4.9 4.9 (51 lesson ratings) (51)

I think you mean the elimination method, which would ultimately require you to add the equations, but the main goal is to eliminate one of the variables first so that you can solve for the other variable then use the answer to solve for the other variable.

With this method, you want to manipulate one of the equations, or both is necessary, by multiplying it by a constant that will generate opposite coefficients on either the x or y variable so as to eliminate it when you add the equations. 

      8x  -  3y  = 9

     40x - 15y = 18

You can choose to eliminate either variable, but we'll have to manipulate the first equation since the coefficients are smaller and we need to multiply them by another constant.
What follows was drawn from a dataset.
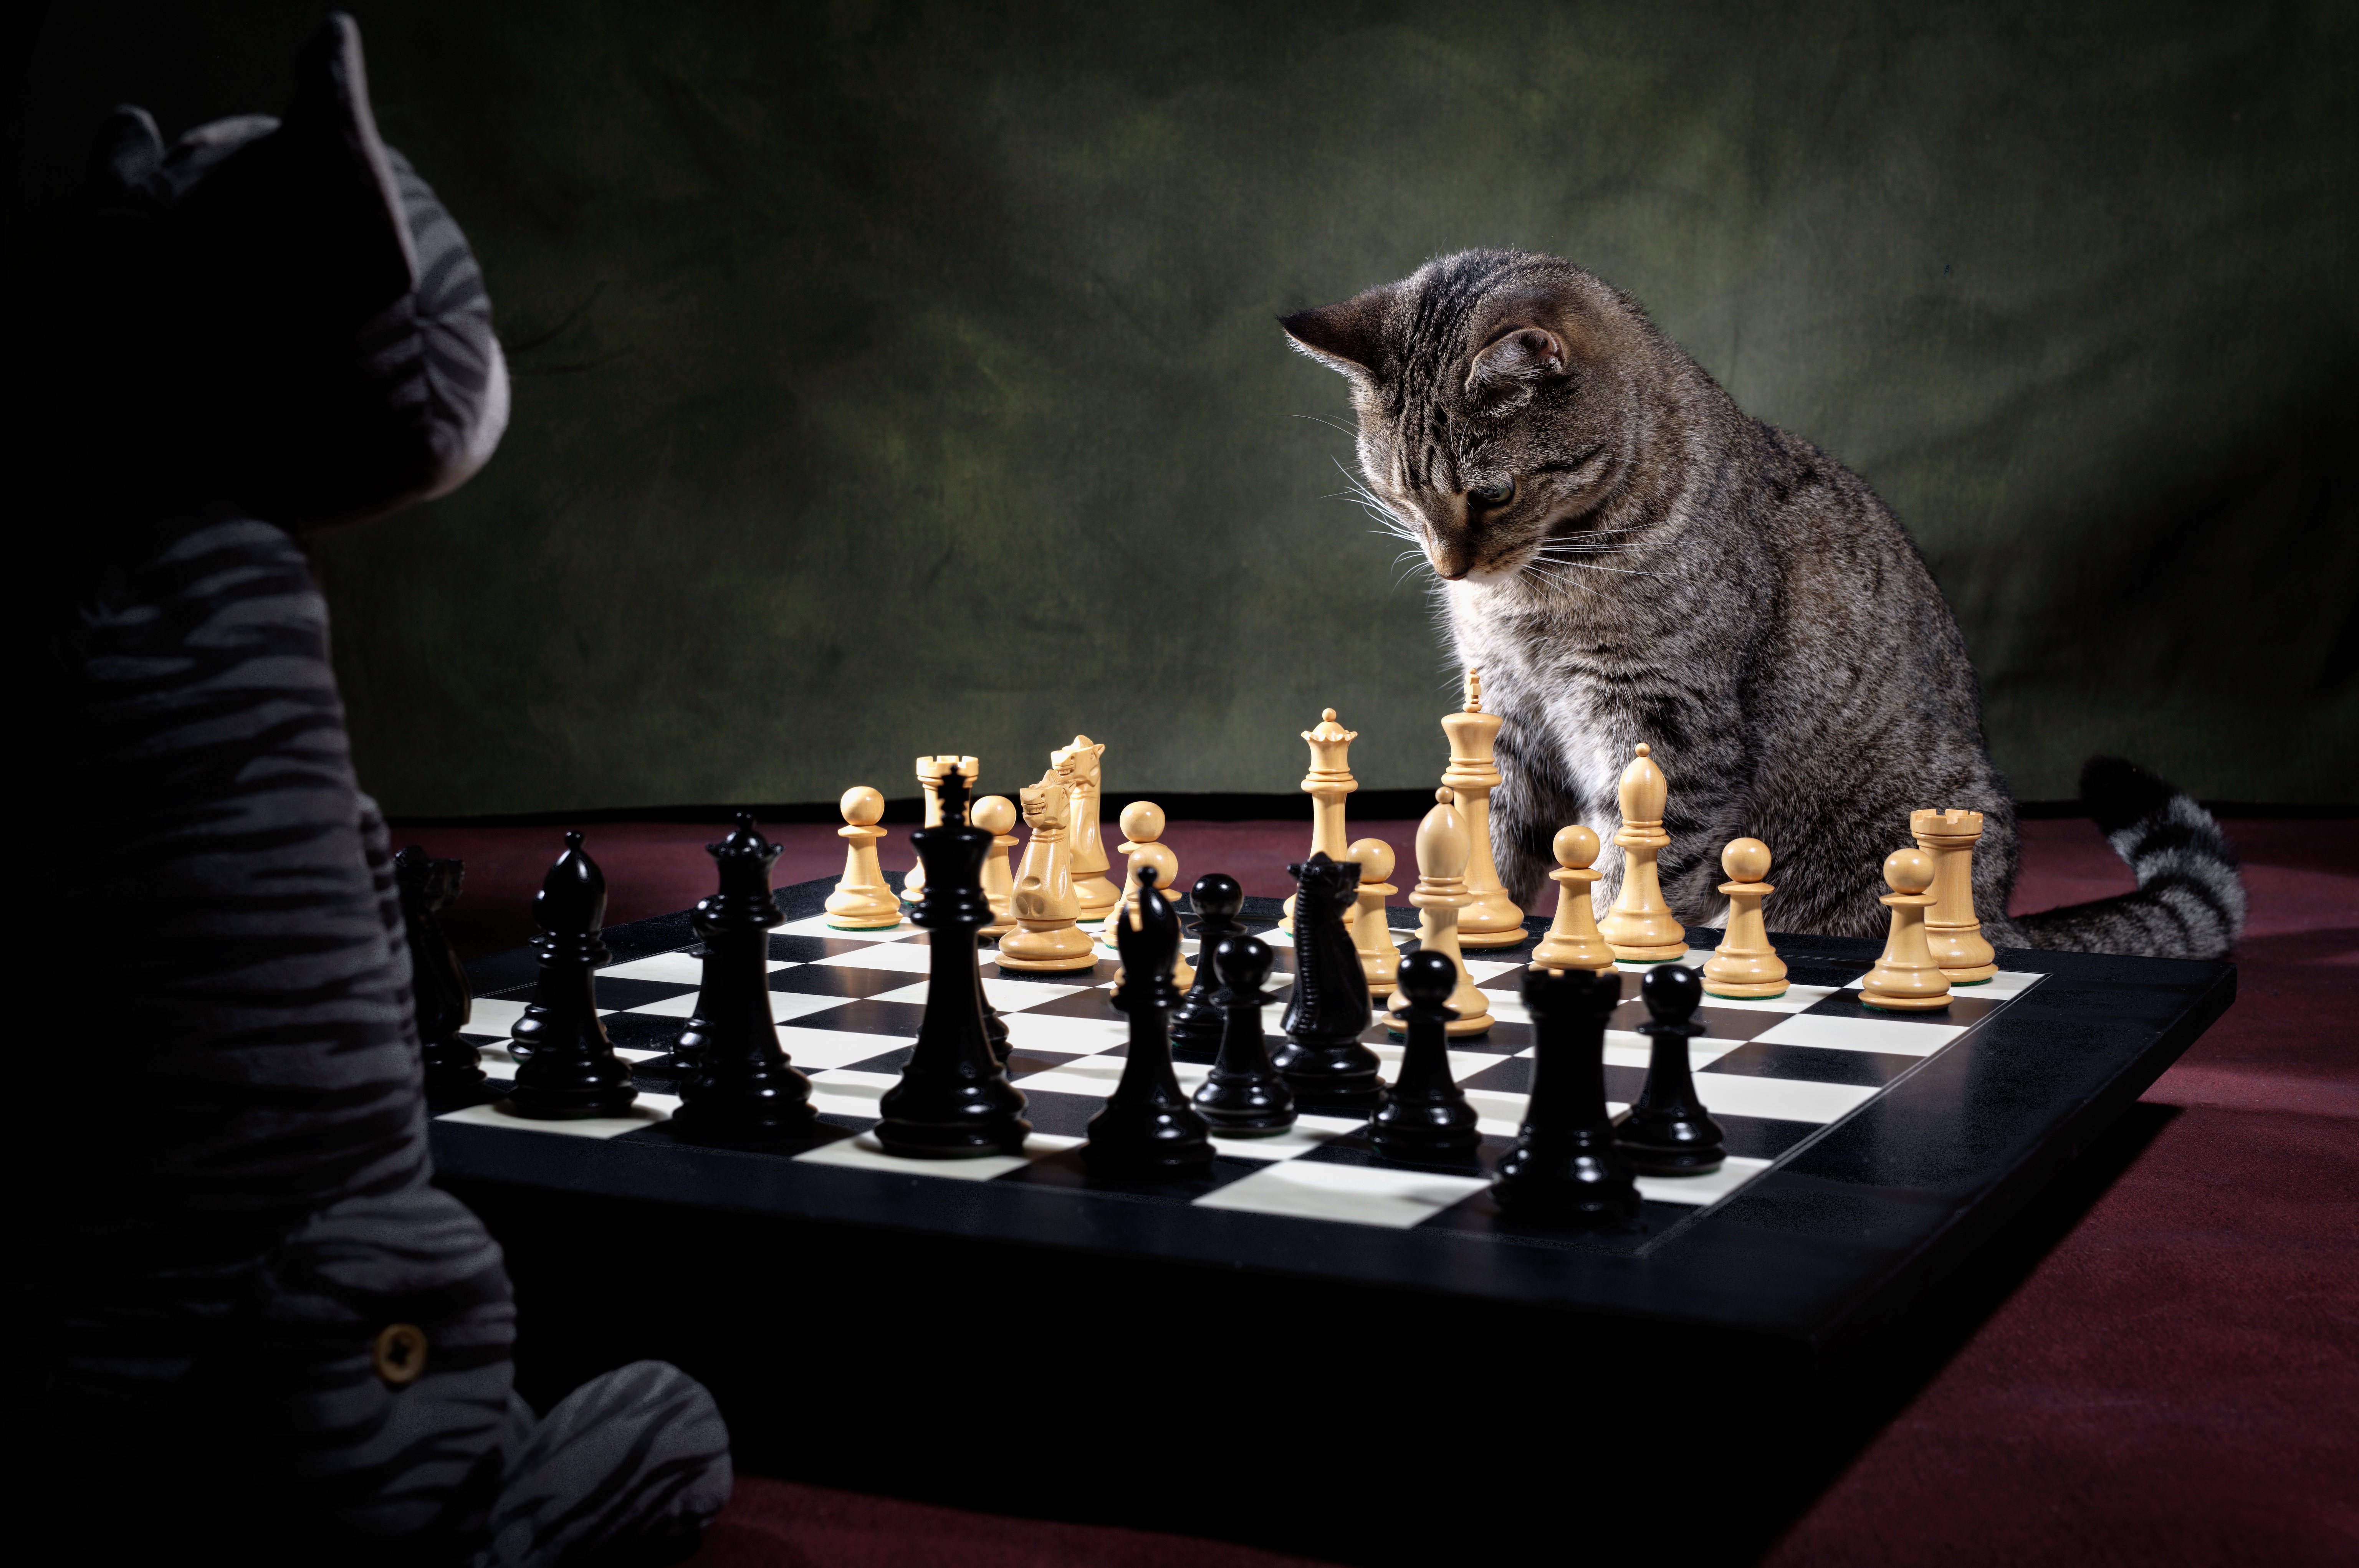 Скачать обои бесплатно Животные, Шахматы, Кошка, Кошки картинка на рабочий стол ПК

Let's eliminate the y-variable. To do so, we will need its coefficient to be +15 since the y coefficient in the second equation is -15 and so we multiply the first equation by -5 to generate this result:

     -5·(8x - 3y = 9)  

     (-5)·8x - (-5)·3y = (-5)·9

     -40x + 15y = -45

Now, we add the two equations:

       -40x + 15y = -45

   +   40x - 15y = 18 


         0x + 0y = -27    

                  0 = -27     ==> not true because   0 ≠ -27

Therefore, since our solution is 0=-27 and that is obviously not true because 0 does not equal -27 then we can conclude that the system has no solution and is, thus, inconsistent.